I've found it very hard to walk any individual path, I prefer to learn and understand the world around us and not be driven or influenced by any one man-made belief system. I strive to understand what realities are beyond our initial spectrum of sight and translate this into the nature of the artworks. All the while adding and playing with certain surrealist ideals of dream-like states that are evident in such alternate levels."
"The other face is that of film. I can debate the demise of the human soul all night long but I would equally pass the time watching John Carpenter's 'The Thing' or Paul Verhoeven's 'Robocop'," quips Gerrard. Directors such as Paul Verhoven, Clive Barker, David Cronenberg, Alejandro Jodorowsky and Ken Russell all had a huge impact on Gerrard's life.
"I love the vibrancy and visceral nature of film, the mood it can capture. The horror, sci-fi, apocalyptic, cyberpunk, dreams. It does sound like an odd relationship, but for me it works," he adds.
The only elements that Gerrard saw differently to what made it to screen was the 'fusion of the machines'. "I see machines and flesh fused with each other," he says. "It should become difficult to distinguish the two.
I saw bones and mechanical parts working in a symbiotic way, wrapped in layers of muscles. As the design passed through the hands of the sculptors and CG artists, it become more about machines attached or embedded in the flesh. This looks awesome onscreen, particularly the close-up dissection shots."
Gerrard says his art is driven by both personalities. Take the image 'Vampire', a dark look into man's relationship with nature, the ever-carnivorous human need for love and destr
uction yet the image is wrapped up in a movie like still. "The visual nature of the image draws you in and then hopefully it pulls you deeper and opens up new notions, new challenges.
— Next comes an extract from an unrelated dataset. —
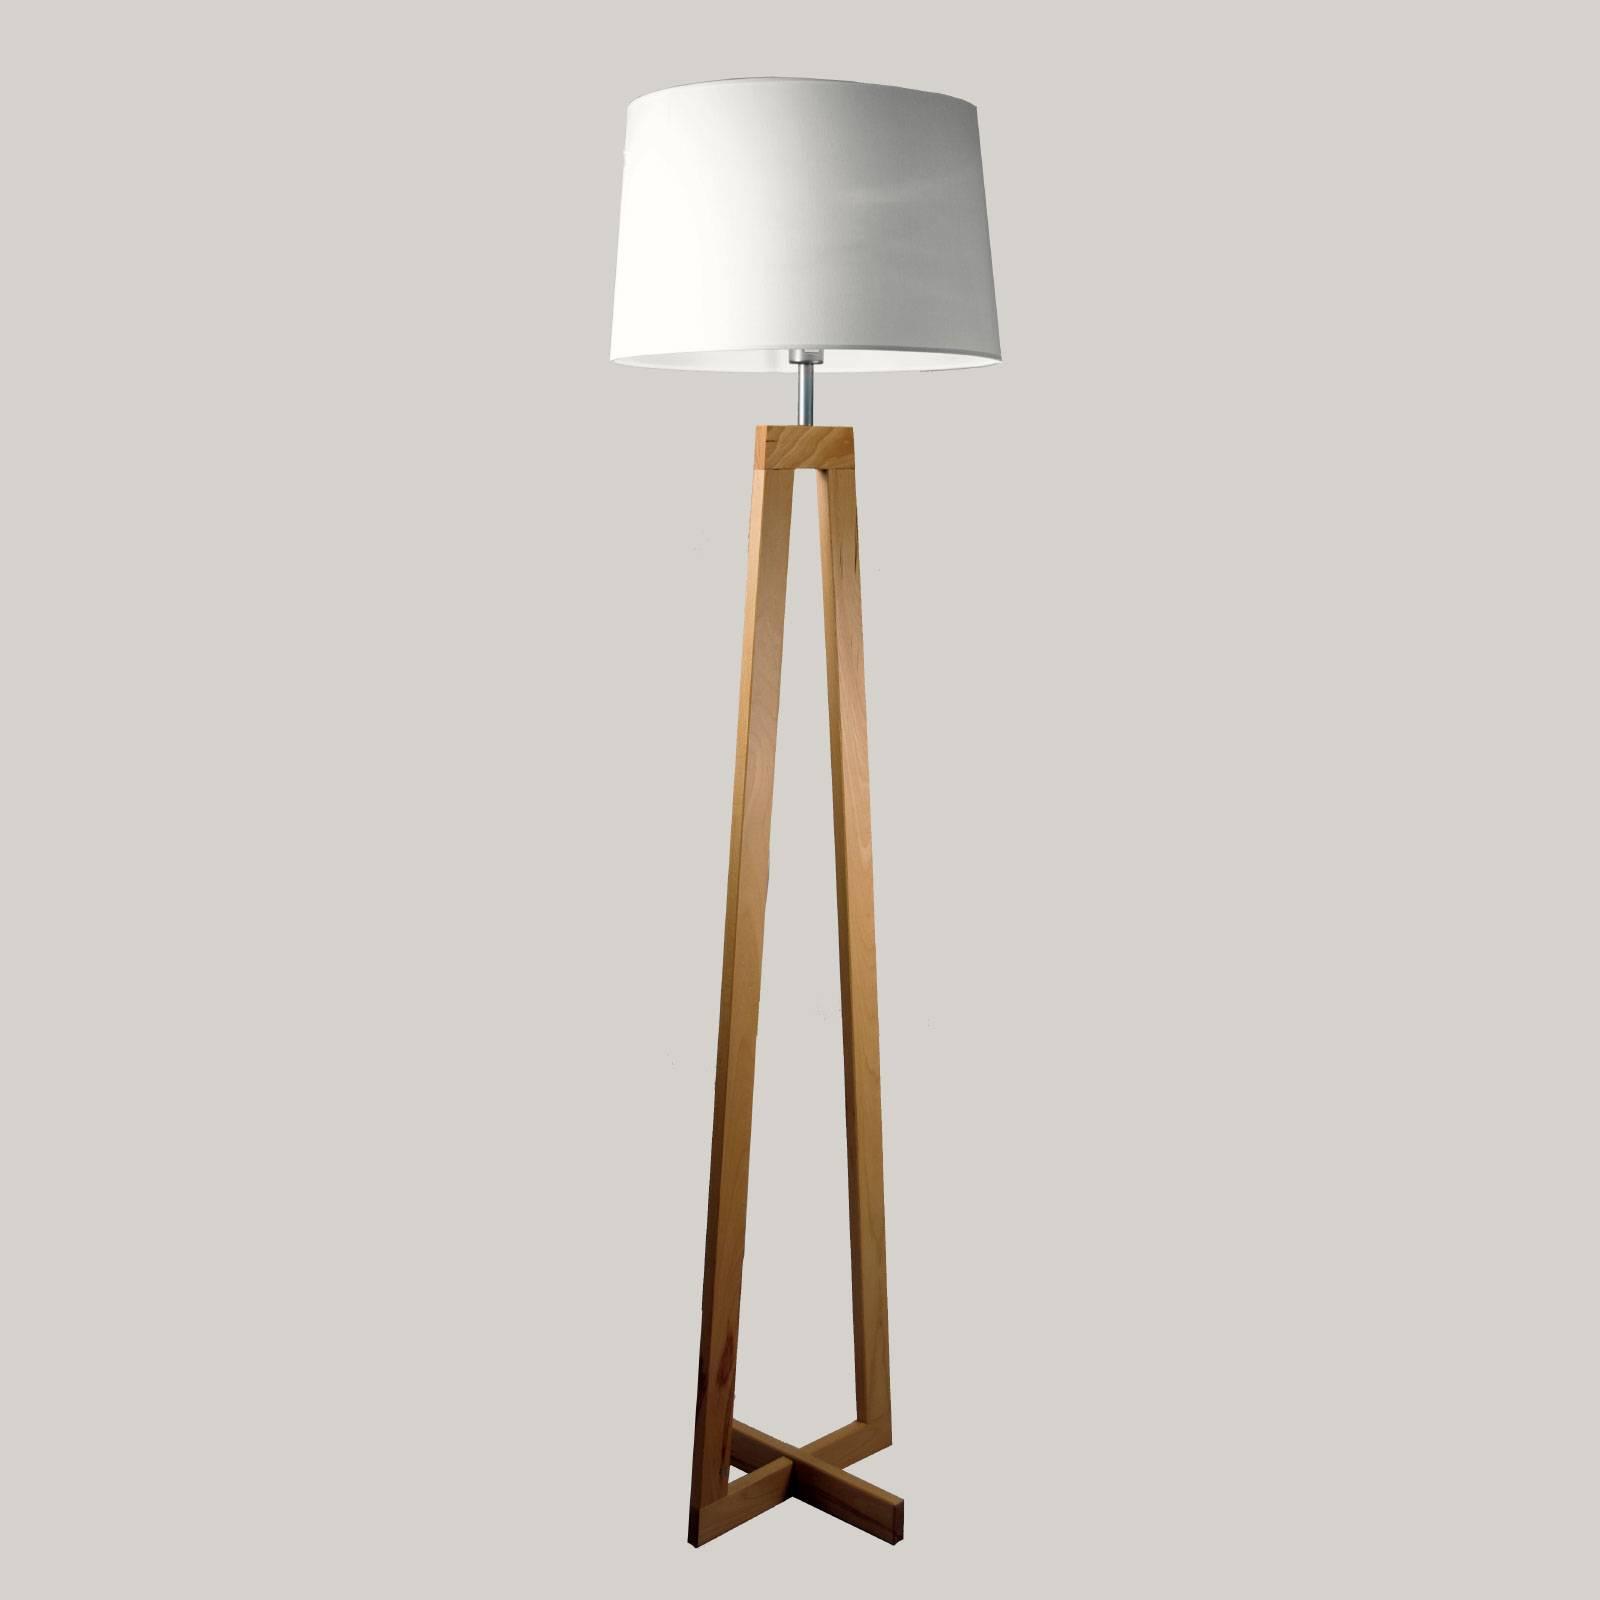 Stehleuchte Sacha LS aus Holz und Textil, weiß

What I feel it comes down to is the nature of art and how it affects others," he says. "An image of a robot in battle does not always represent a robot in battle. I try to look beyond first pass of visual and delve deeper into the mind of the artist. I do feel that with this genre of science fiction and horror, and most people don't do that. They take these images on face value and that is such a shame. Why not have science fiction and horror on the walls of the Tate Gallery of Modern Art?"
In his personal work, Gerrard has kept this approach constant. In his professional life, particularly in games, this approach is near impossible for him, simply because of the nature of the industry, the sheer number of people involved. "Even as an art director, my vision had to adhere to marketing, mainstream culture, the demographic and so on," he says.
"If it was possible to have complete freedom to create a game, I would embrace it wholeheartedly and create something very unique and hopefully inspirational, probably very scary, but I fear that level of control and personal freedom is far from my reach. For film the philosophical and surrealist element of my work takes a step back somewhat, but it is still there. It's a battle of balance when working for film, a balance I am enjoying a great deal."